Menyadari Kembang Laras berlari ke arahnya, Zen Kagendra berbicara dingin dan matanya masih menatap tajam pada kedua singa,

“Jangan mendekat, tetaplah fokus”

Kembang Laras yang berlari ke arahnya langsung berhenti, dia terdiam sebentar lalu mengangguk.

Ketika Kembang Laras berhenti berlari ke arahnya, Zen Kagendra tersenyum dan mulai menyerang ke depan menggunakan teknik Bayangan Hantu, kecepatanya sangat cepat hanya butuh sekjap dan dia sudah mengarahkan tebasan pedangnya pada singa bertaring panjang.

“Diiinng..”

“Diiinng..”

“Diinng..”

Zen Kagendra langsung mengirimkan tiga tebasan pedang pada kepala singa betaring tajam satu mata, dia menargetkan telinga dan mata singa, meskipun mata dan telinga adalah kelemahan umum untuk semua mahkluk hidup, tapi untuk binatang setan Alam Panglima tahap akhir serangan yang tidak tepat mengenai kelemahanya, itu hanya akan menggores sekeliling bagian kelemahanya.

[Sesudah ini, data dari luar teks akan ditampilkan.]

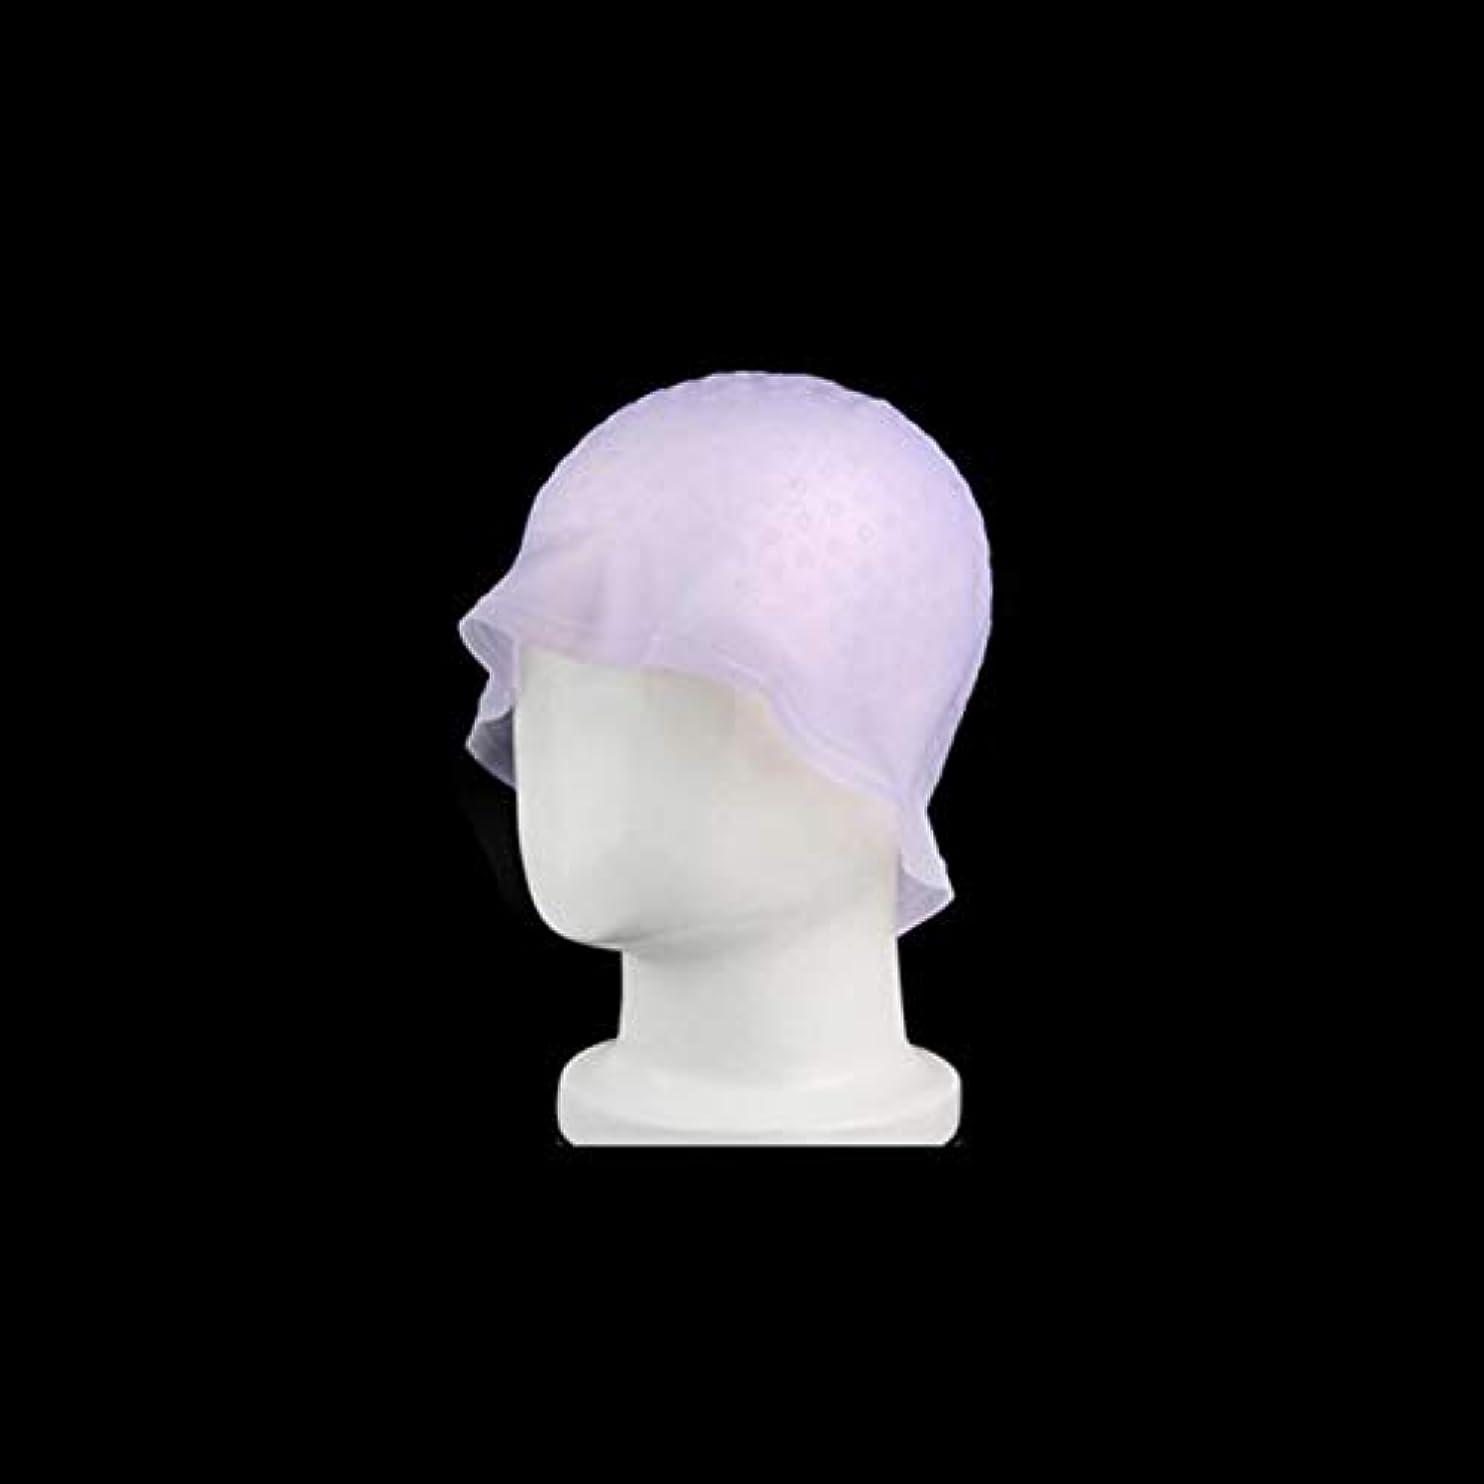 用心するドロークリープDOMO カラーダイキャップ 染毛キャップ エコ サロン ヘア染めツール 再利用可能 染色用 ハイライト 髪染め工具

Sementara Zen Kagendra masih menggunakan teknik Bayangan Hantu dengan kecepatan maksimal, singa mata satu juga berusaha keras untuk menghindar, singa itu mengelak ke sana kemari dan mengkolaborasikan cakarnya untuk menangkis serangan pedang yang datang ke arahnya.

Tapi bagaimana bisa salah satu singa bertaring tajam lainya diam saja melihat singa mata satu di serang beruntun oleh Zen Kagendra, singa bertaring tajam lainya juga menyerang Zen Kagendra yang terlihat fokus menyerang singa mata satu.

Memang terlihat seolah Zen Kagendra fokus hanya menyerang singa mata satu, tapi dia juga terus memperhatikan gerakan singa lainya.



Jadi ketika singa lain melakukan gerakan untuk menerkamnya dengan gigitan, Zen Kagendra sedikit tersenyum, dia melompat ke arah kepala singa mata satu untuk menghindari serangan gigitan singa lain.

Ketika Zen Kagendra melihat kepala singa lain yang mencoba menggigitnya sejajar dengan tubuhnya, dia menggunakan kepala singa mata satu sebagai pijak dan berbalik menendang kepala singa lain.

“Baaannng”, suara tendangan yang mengakibatkan kepala singa bertaring panjang menoleh ke arah ke arah Kembang Laras sambil mulutnya terbuka.

Ketika mulur singa terbuka dan mencoba menggeram karena rasa sakit, ada dua bola abu - abu yang tiba – tiba terbang masuk ke dalam mulut singa.